# FURY: M4 Sherman Vs. Pz.Kpfw. Tiger



## Jeffbert (Feb 26, 2015)

O.k., I admit I have yet to watch this film, but I have seen the Smithsonian channel's TANKS OF FURY, & as such, feel it appropriate to make this topic. I do have the DVD, but hoped to wait until my brother comes up to watch it. 

Anyway, this is a seriously one-sided fight, if it were one against one, given that the M4 was designed for infantry support & 5 man crew not withstanding, was not intended to fight other tanks, but that task was theoretically to be left to tank destroyers & towed guns. Yet, as the Germans used mobility as a tactic and tanks led the way (while other nations clung to the "Infantry is the Queen of Battle" tactic), the US Army was forced to use tanks against tanks. Thus, the M4 Sherman's inadequacy in that role cost many lives. 

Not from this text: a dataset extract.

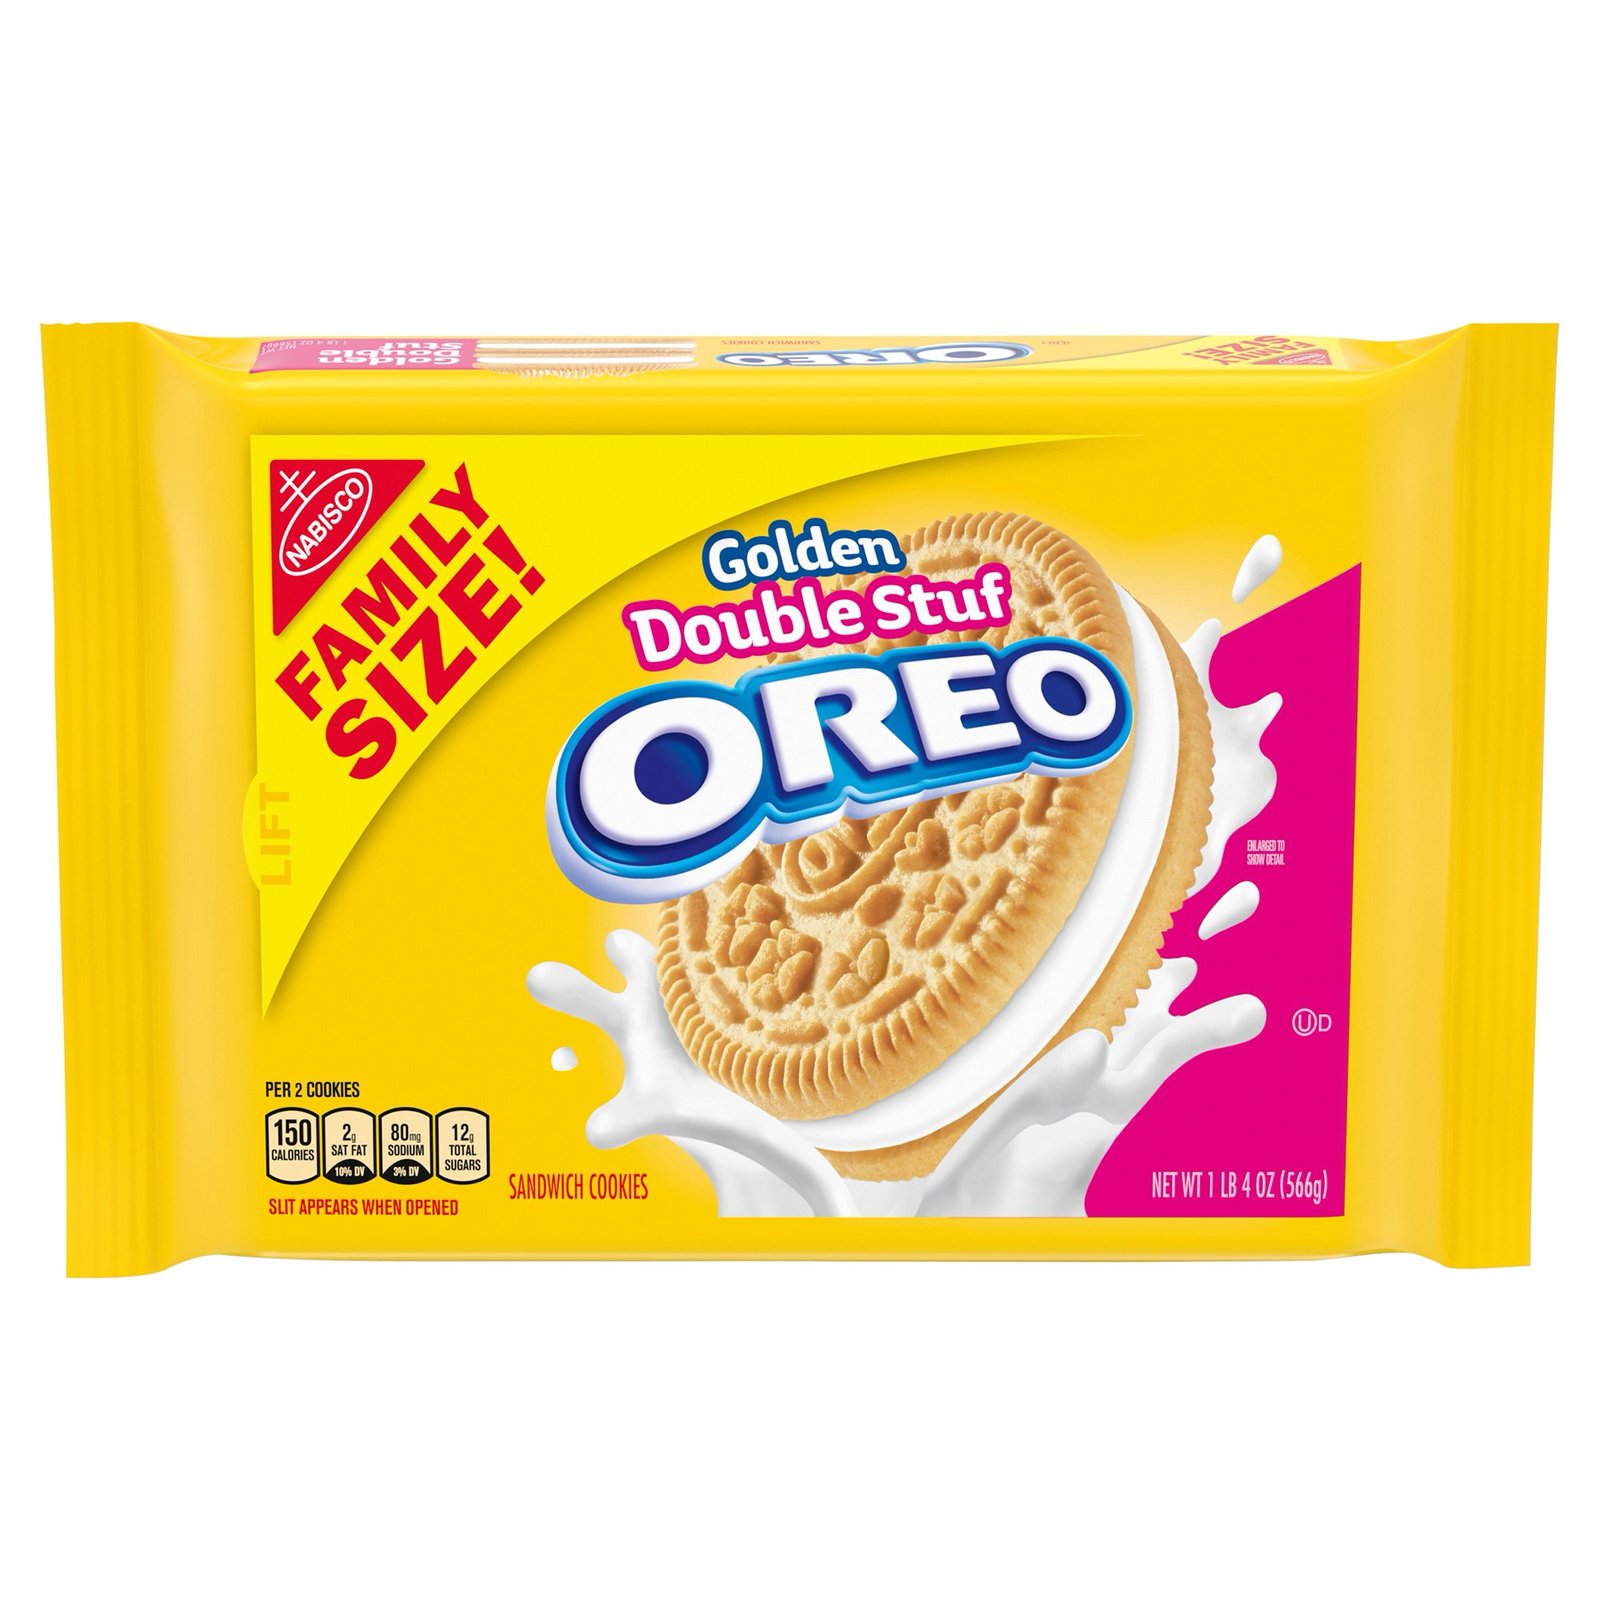 NABISCO OREO Real Double Stuf Golden Sandwich Cookies Family Size Pack - 20 oz.

So, as I understand it, the film details the one tank named 'Fury' as its crew go into Europe and eventually go against a Tiger (in part portrayed by a pseudo Tiger & the one remaining functional Tiger in the entire world).


----------



## HareBrain (Feb 26, 2015)

I haven't seen it either, but my understanding is that the Sherman in the film has a long-barrelled AT gun (I forget the model number, but it's the US equivalent of the British Firefly). So it could destroy a Tiger, with some luck.


----------



## Jeffbert (Feb 26, 2015)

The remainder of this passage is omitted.